Special Issue Editors

Multidisciplinary Institute of Chemistry, Multidisciplinary Center UFRJ-Macaé, Federal University of Rio de Janeiro, Macaé, Rio de Janeiro, Brazil
Interests: quantum chemistry; relativistic quantum chemistry; computa-tional chemistry; DFT; basis sets; heavy nuclei; transition metal complexes; NMR; nonlinear optics
Department of Chemistry, Federal University of Juiz de Fora, Juiz de Fora, Minas Ge-rais, Brazil
Interests: molecular dynamics; quantum mechanics; docking; carbon materials; medicinal chemistry; metallodrugs

Special Issue Information

Dear Colleagues,

Transition metal complexes are of great interest in chemistry due to its variety of applications, including catalysis, advanced materials and medicinal chemistry.
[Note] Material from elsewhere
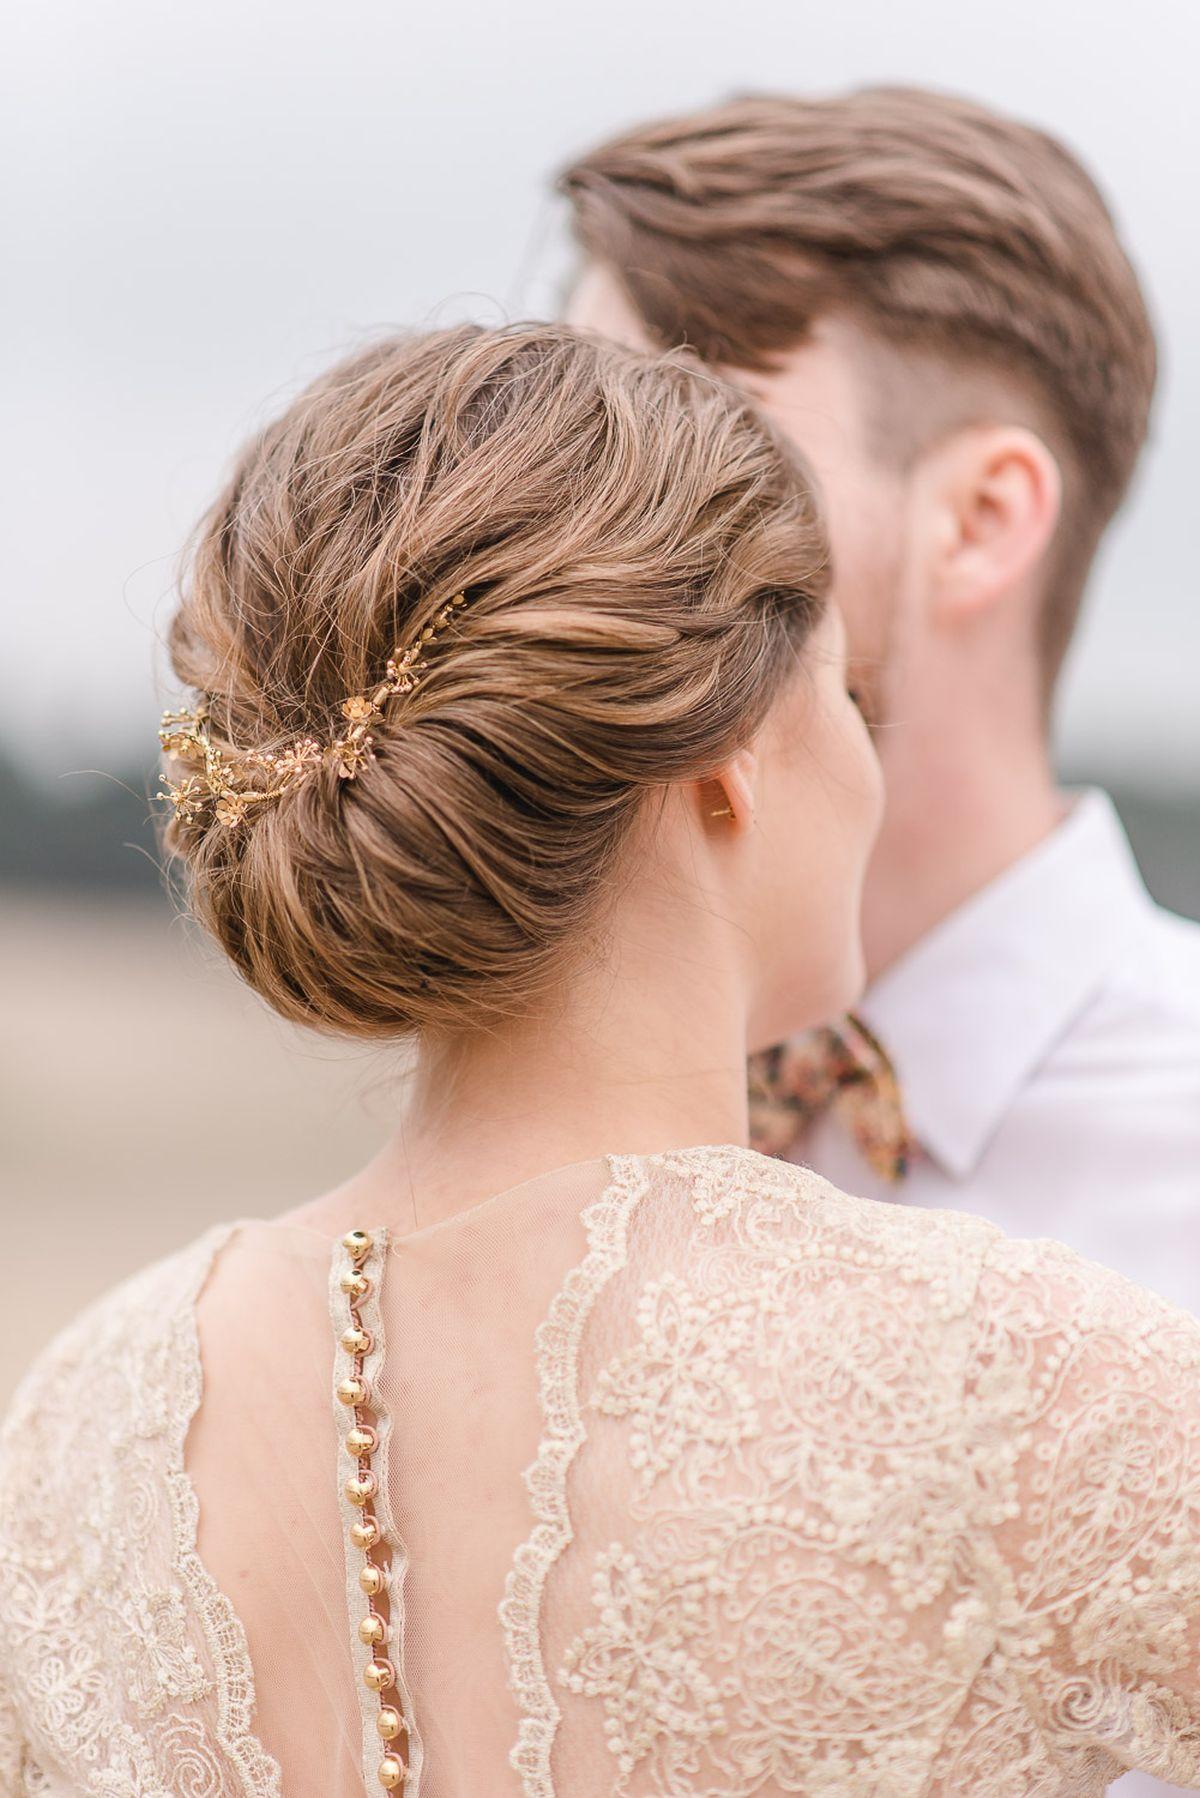 aschaaa-photography-wedding-shoot-wüste (13)

Considering the constant interest in the understanding of the structure and properties of transition metal complexes, Nuclear Magnetic Resonance (NMR) spectroscopy is a powerful and versatile technique used in the characterization of the reaction mechanism and properties of these compounds. Although most studies using NMR are focused on the light nuclei of the ligands coordinated to the metallic center, there is a wide range of metallic nuclei that also have advantageous properties for their use in NMR.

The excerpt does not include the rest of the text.